[[ Provided data open ]]
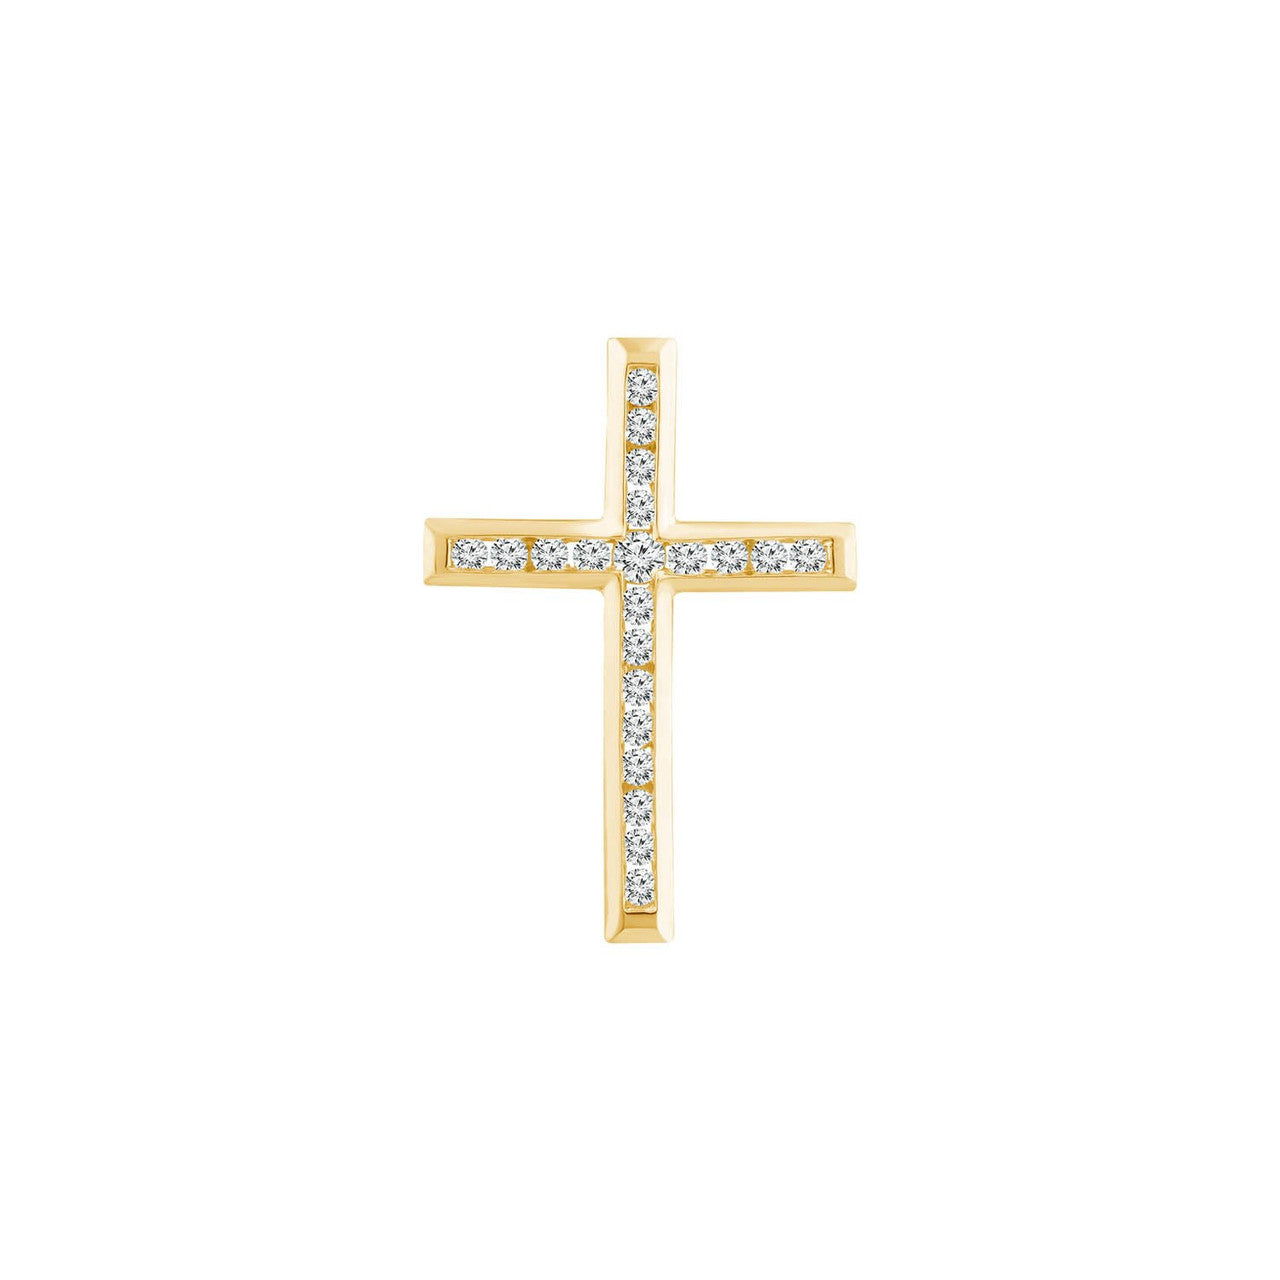 Ice Jewellery Diamond Cross Pendant with 0.50ct Diamonds in 9K Yellow Gold - PC-0172-Y | Ice Jewellery Australia
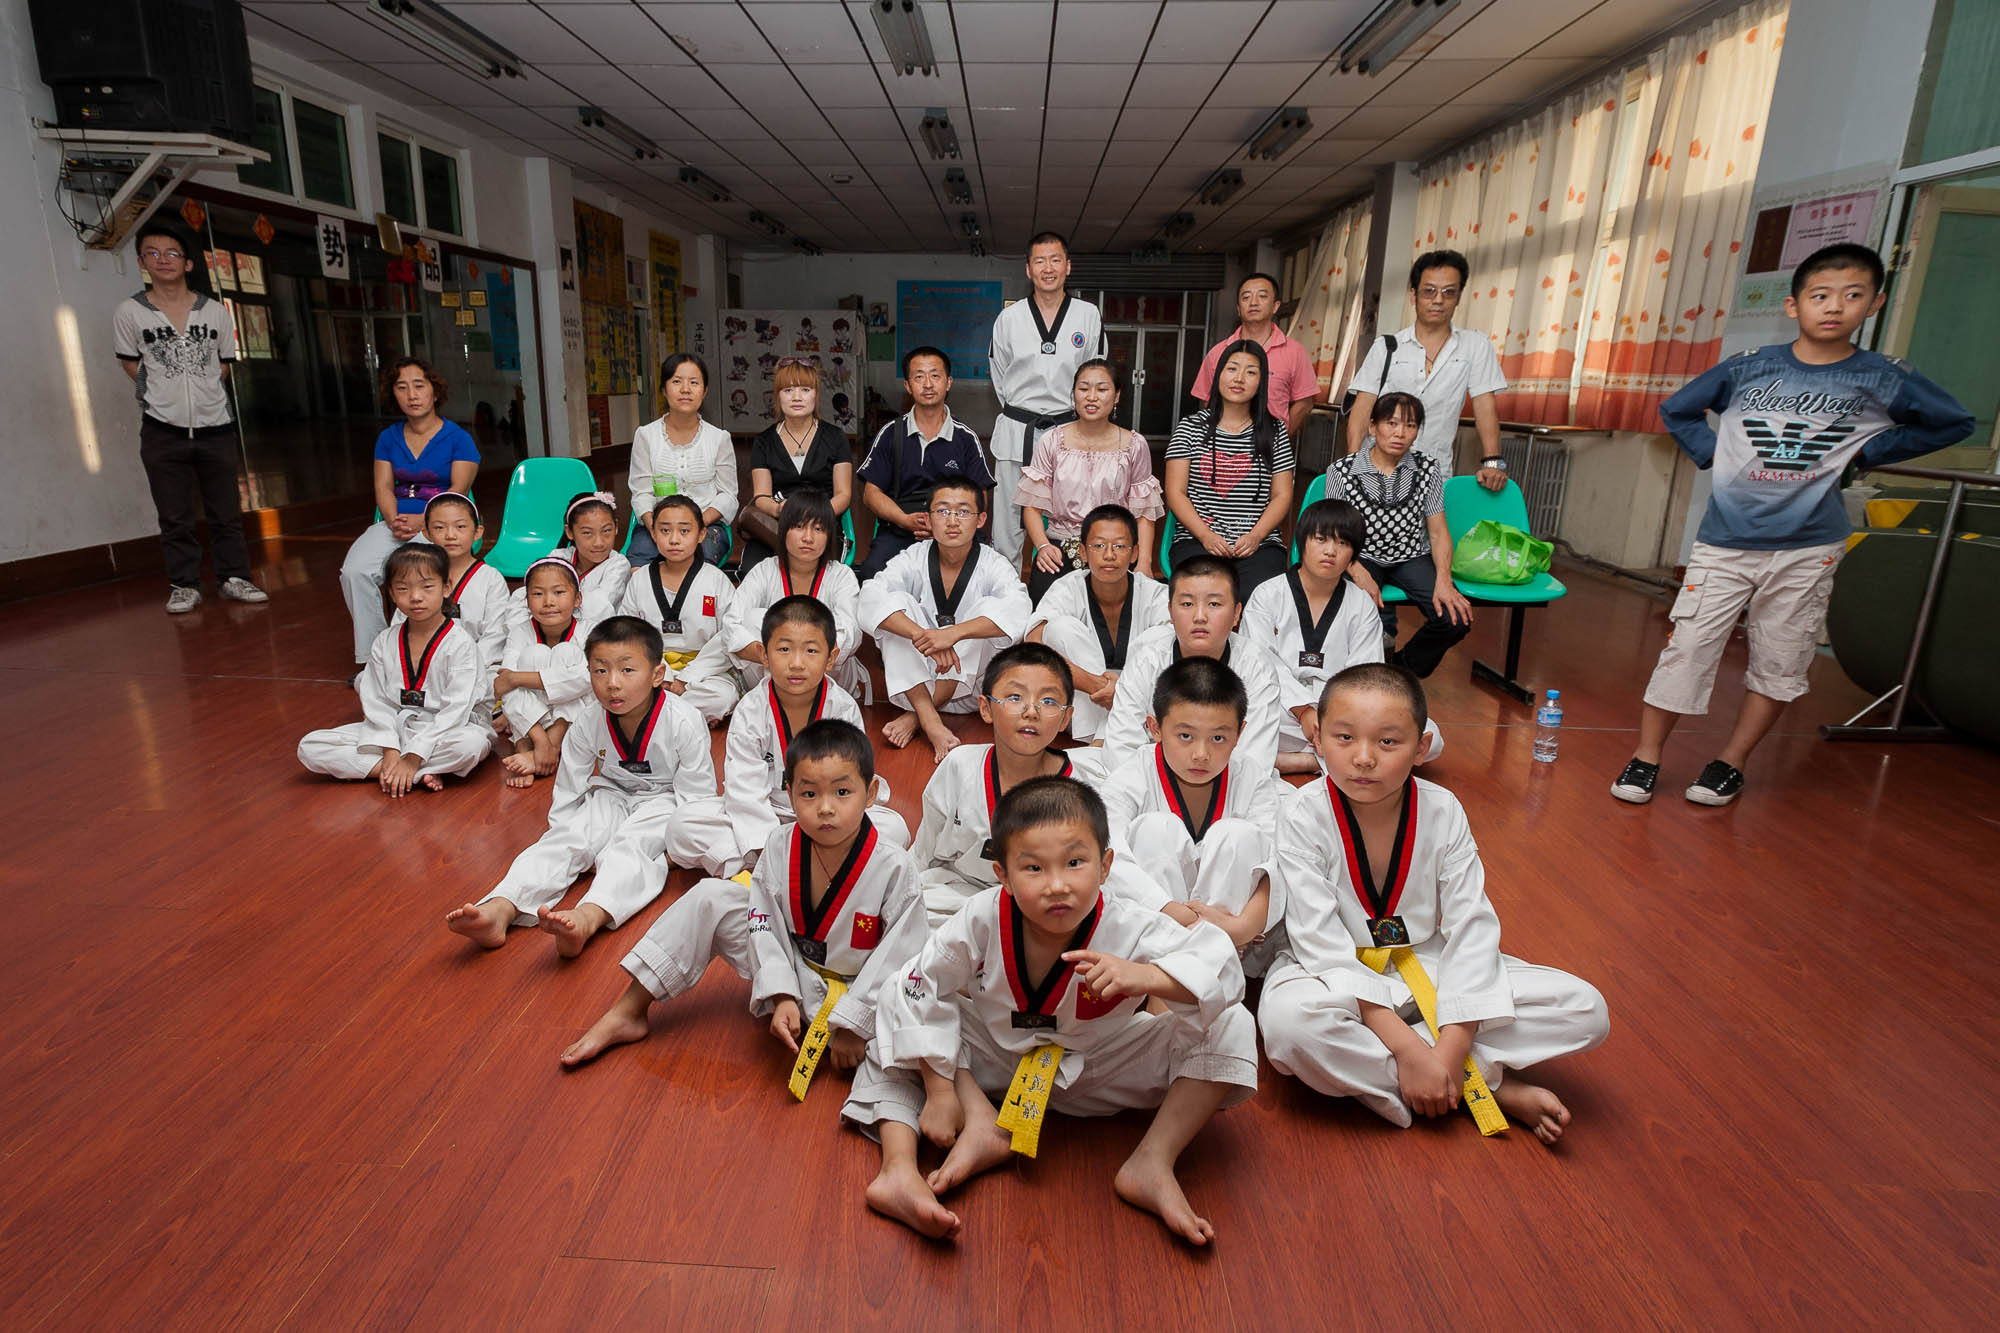 Zhu Hui's Taekwondo Club welcomed me
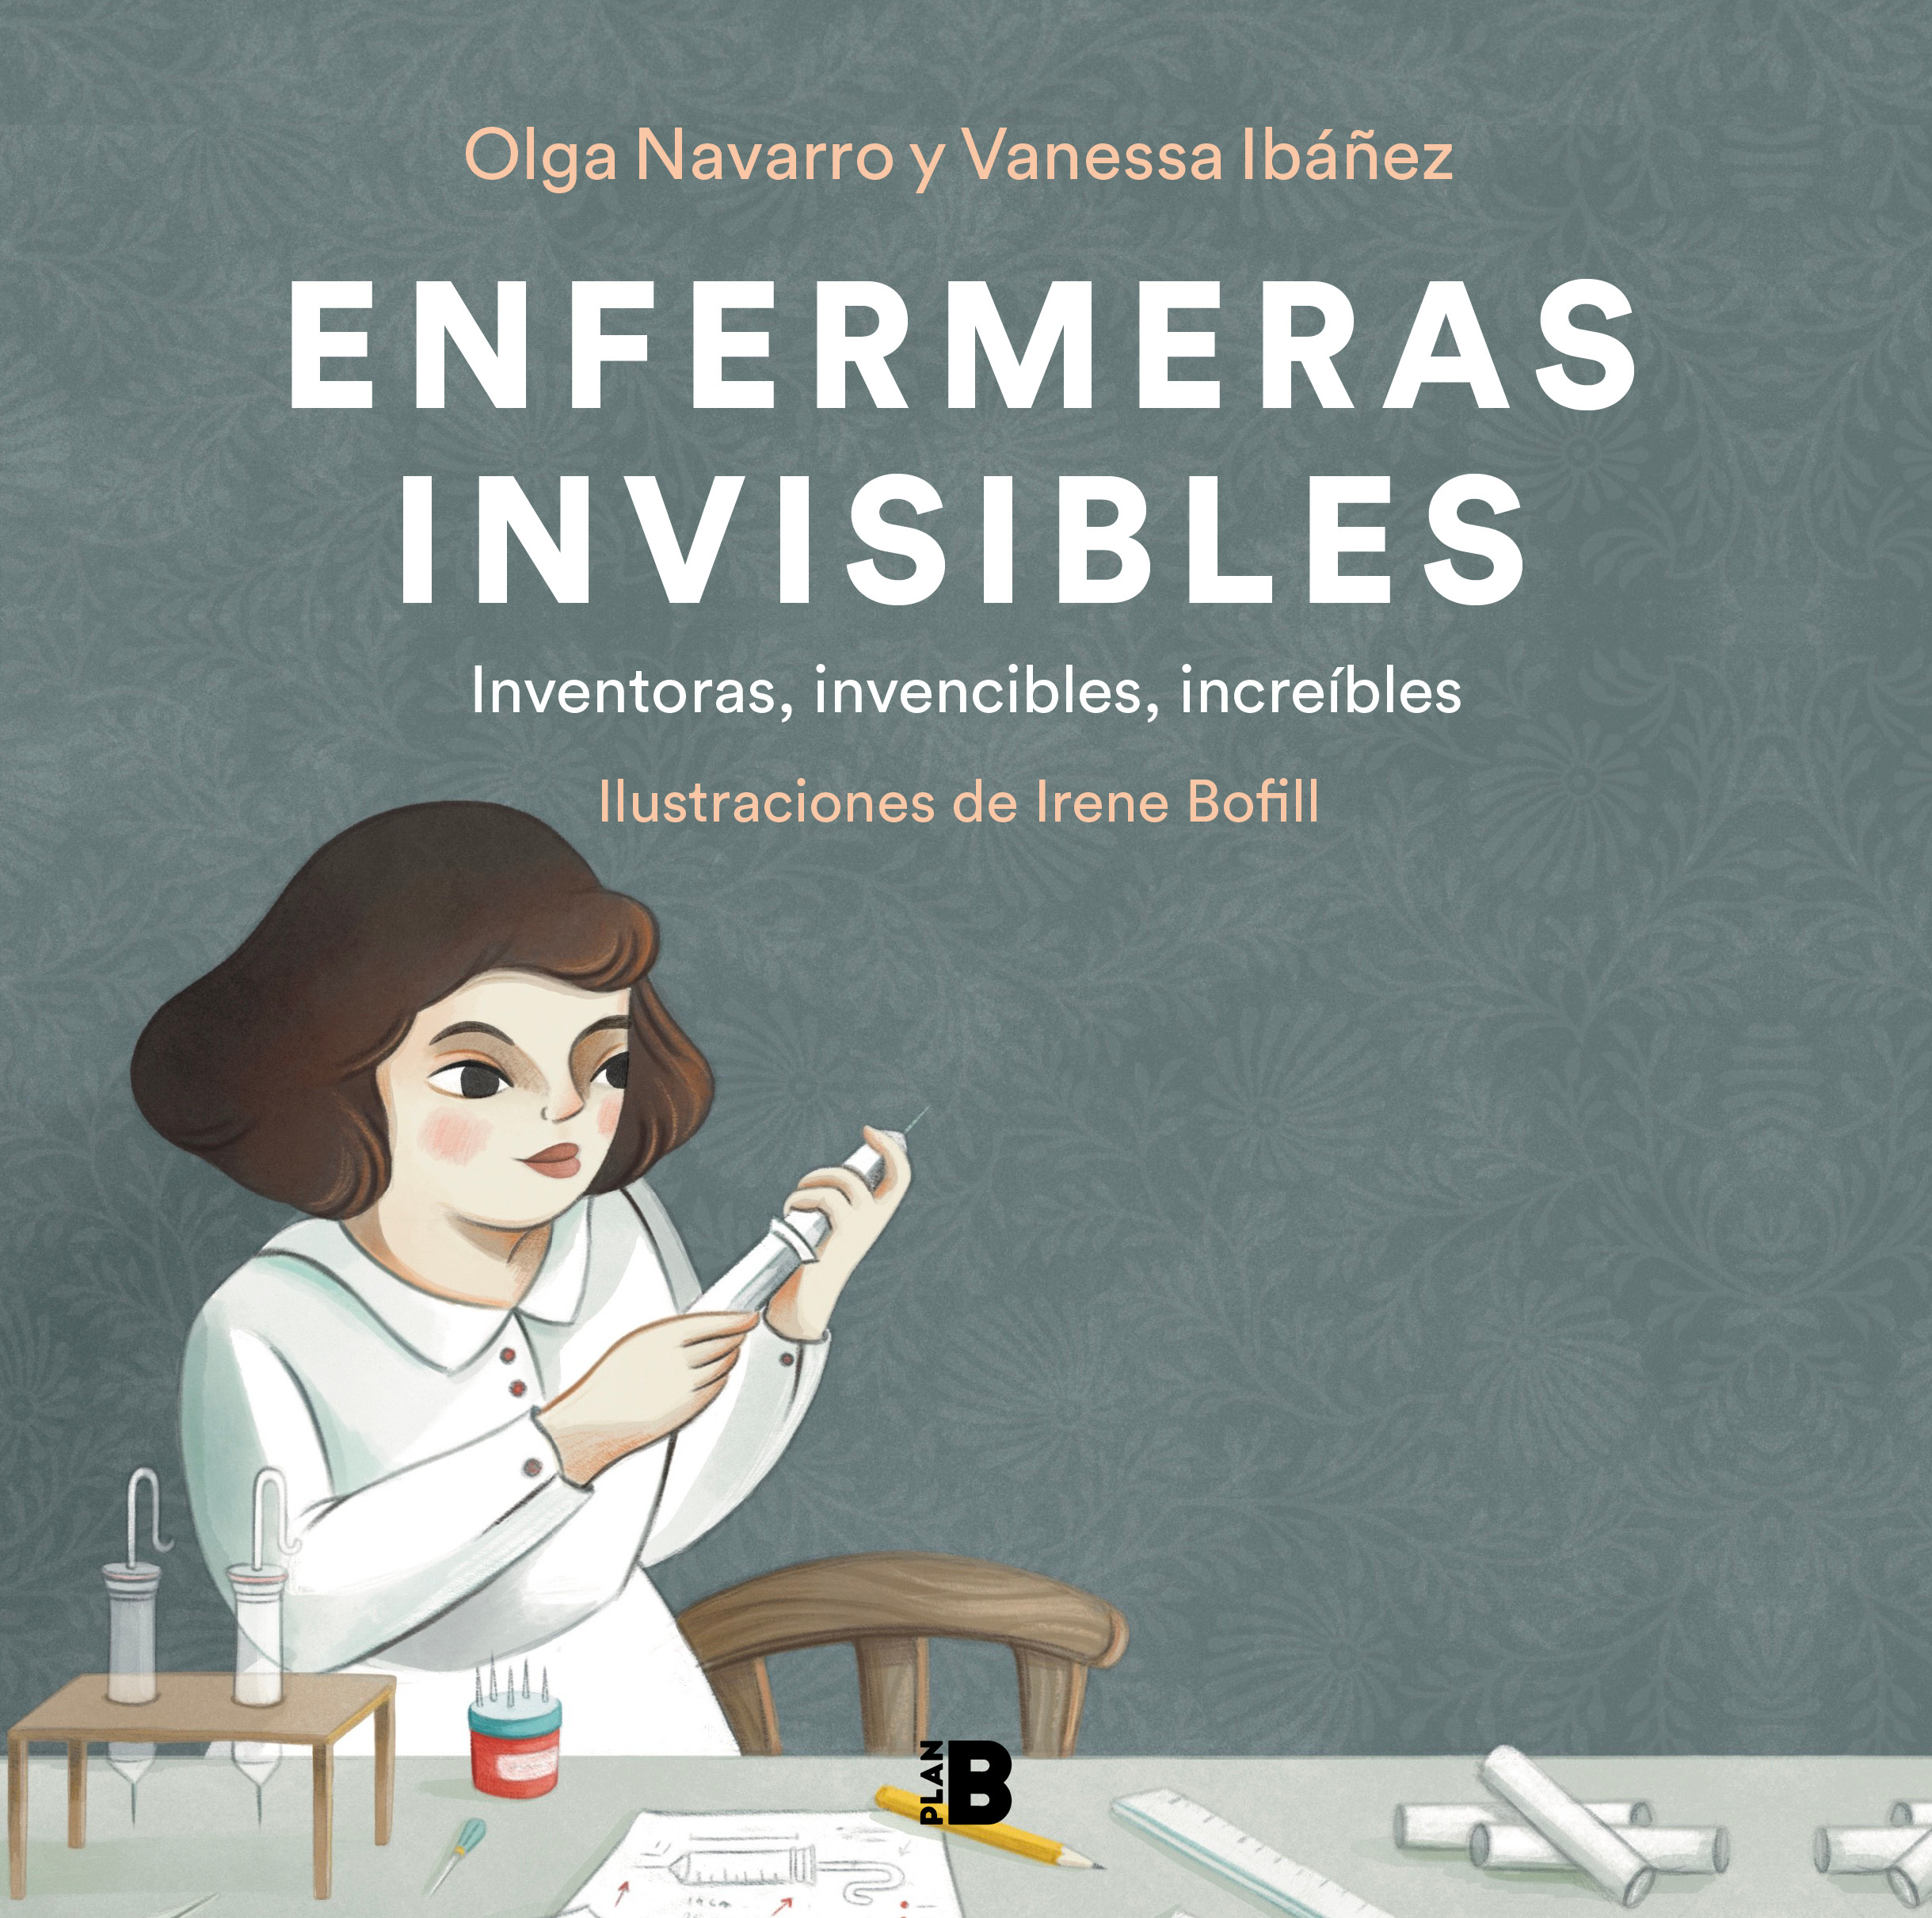 Enfermeras invisibles "Inventoras, invencibles, increíbles"
[[ Provided data closed ]]
> _Assignment_: Starting with the line that contains "Zhu Hui's Taekwondo Club welcomed me", reproduce every line down to the end of the listing above, both endpoints included. Pictures stay out.

> _Solution_:
 Zhu Hui's Taekwondo Club welcomed me
 Enfermeras invisibles "Inventoras, invencibles, increíbles"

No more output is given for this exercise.